A short while back my fiancée and I moved in together. We were broke and needed a bed because prior to moving we had single beds and now we were sharing an air mattress on the floor. I had never built furniture before but after a visit to a local furniture store and seeing how expensive beds were I figured I would try to build a simple one. We picked up an inexpensive mattress and box spring at Big Lots for $200. I wanted to build the bed out of some kind of hardwood but the boards were more than I could afford at the time so I settled for aspen. At the time I made this I was not into woodworking and it was built out of necessity so try not to laugh.

I started out with a frame made from 2x4's that would not be seen and used 4x4 for the legs. I tapered the legs into octagons at the bottom so it wouldn't look total *******.















I counter bored for the carriage bolt so I could glue the aspen boards directly to the sides of the 2x4's.








I glued up 1x2 boards to 1x6 boards. I figured this would be a good place to rest my foot to tie my shoes. I put a 1/4 round on the 1x2's before I glued them. After gluing the 1x2s to the 1x6s I used a flush trim bit to smooth the back side. I used a simple miter cut on the corners because at the time, I simply didn't know how to do any joining more advanced than that nor did I have the equipment to do so. I glued the sides directly to the 2x4's.








I put a couple brackets in the corners in hope that it would help strengthen them.


----------



## JohnnyG73 (Sep 10, 2013)

Very careful measuring and gluing ended up looking ok at the corners with a minimal of sanding to do.

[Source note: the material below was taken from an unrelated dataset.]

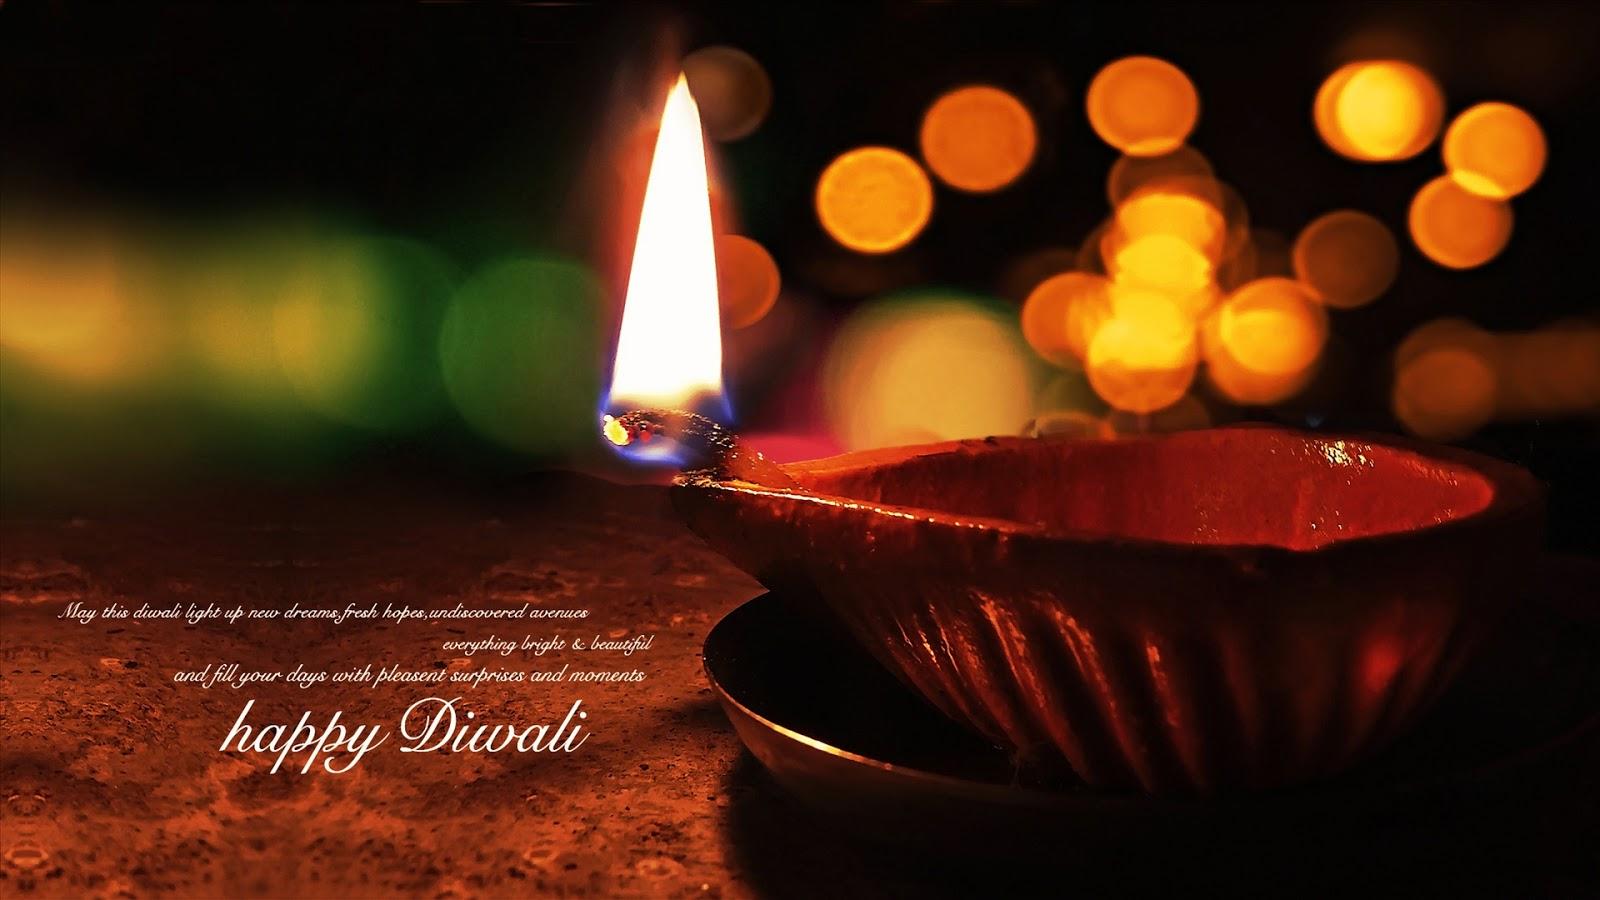 Image result for happy diwali dp images

I sanded everything and experimented with 7 different minwax finishes on the cut off scraps before settling on fruitwood 241. I gave everything that was going to be visible two coats and a light sanding. I finished it up with three coats of clear semi-gloss polyurethane.















I did originally make a fifth leg for the middle but it seems ok without it because of the box spring support. I needed to re-tighten the nuts on the carriage bolts after a couple months due to settling I figure.

If I were to go back and do things differently I would round over the corners. I like having the small ledge to rest my foot on while sitting on the bed but it's a real leg cutter at the corners with that 1x2 sticking out. I would also research more about making actual furniture and build it without the 2x4 sub frame. I hope to learn more about doing joinery. I would also not build it in my living room. Like I said in the previous post, we were broke and needed a bed fast. I am also hoping to learn more about finishing.

In the near future I would like to build a head board with night stands. I told my fiancée that this is practice and eventually it will go in the guest bedroom and I can build a nice bed when my skills are up to par.:smile:


----------



## Travico (Dec 25, 2012)

There is nothing wrong with that bed. Now you have he rest of your life to woodwork and make more beds!


----------



## 27207 (Jan 25, 2012)

That turned out great! Especially considering what you had. I'm still using the metal bed frame, not even a headboard. I guess I better get on it. The wife has been hounding me about it for a few years.

If jigs and tools were chairs and stools, we'd always have a place to sit.
~Stumpy Nubs


----------